Husband tells me from time to time that I’m a much better writer when I write more often.
Thanks, I think.
To be fair, he knows the only way I’ll take a compliment is if it’s hidden somewhere behind an insult.
On New Year’s Day, my mom stayed with the kids and Husband and I went to the outer burbs to run a nice little 5K. Mom kindly said not to rush, so we followed up with a drinkie brunch and a quick trip to a certain store that is known for it’s ridiculous fashion shows that involve very little apparel and, inexplicably, wings. I said I didn’t want to buy anything, but maybe I should pop in and see what’s there because I probably need some more stuff.
Husband heartily agreed, and went even further, using words like “homeless” to describe my current state of affairs. When I stopped guffawing at how hilariously insulting it was, I was momentarily flattered. Eight years of marriage, and he still cares. I said as much, and he repeated words like “homeless.”
That was a detour. I’m a better writer when I write more.

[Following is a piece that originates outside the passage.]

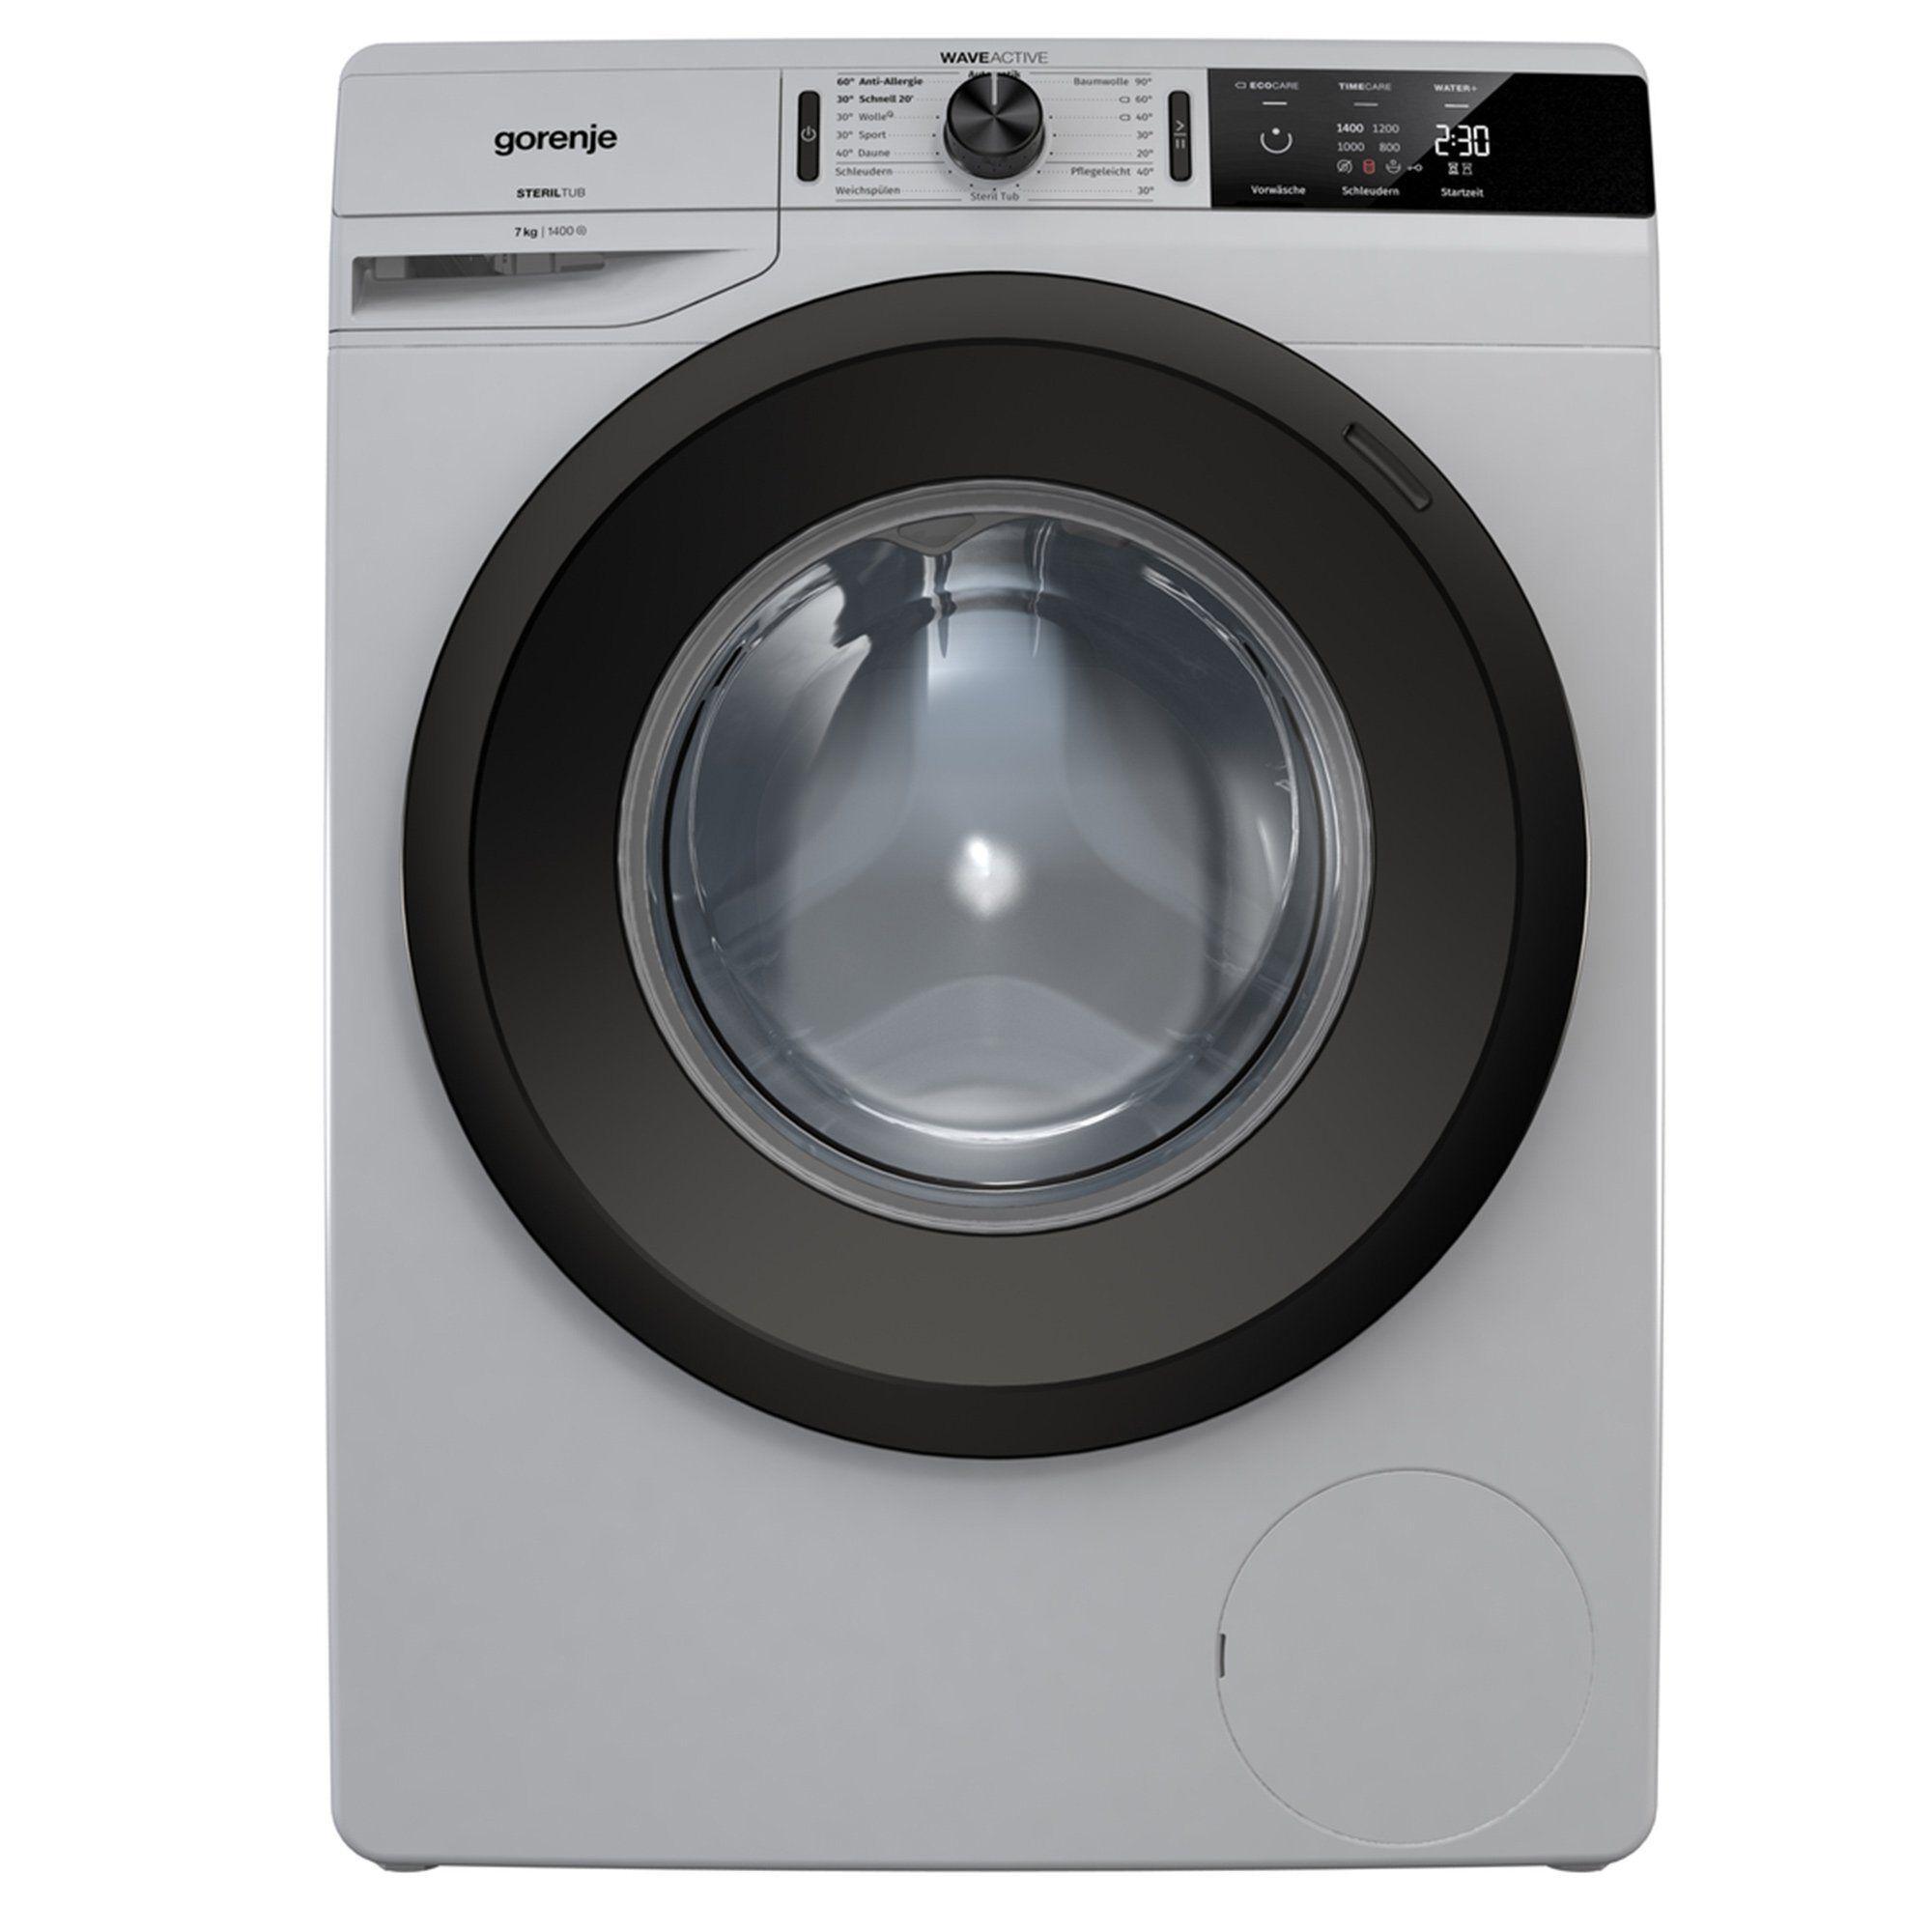 Gorenje Waschmaschine WE 74S3 PA A+++, 7 kg, 1400 U/Min, grau metallic AquaStop, Energieeffizienzklasse A+++

For those of you who who have met me in person, you know I jabber. I fill my division’s row of cubicles with chatter. When imbibing, I’m a happy chatterer. Occasionally a cartwheeler. I’m strangely quiet for large chunks of time at home. Partly I’m talked out.
Partly I’m comfortable.
Chatterers seem social and friendly and other nice words for “talkative.” We are, I guess, but I think I’m not alone in chat as nervous tick. Not always. Sometimes I’m just chatty. Sometimes I don’t know what to say, so I say everything. Some nights I turn over a choice phrase from earlier in the day/the week/the month/the year/my life and wish I hadn’t said that. I calculate whatever damage must have been inflicted on whatever relationship was involved: friendship, work, family, all of the above. I’m certain it’s a death knell for my career, my social life, my whatever.
When recently asked if I’d limit myself to phone calls or email for all eternity, I chose email. The backspace button is awfully handy.
I don’t worry too much about my marriage. I know I can ask to take back the wrong word, and he’ll let me. I don’t fill the blank space with talk. Don’t need to.
I just last week said no resolutions for 2015. I’m going to be zen, etc. Well, like most Americans, I have now broken my resolution and it’s only the second week of January. I’m going to try to simply do more. More writing. More running. More listening. More breathing. More forgiving.
I’m better at those things when I do them.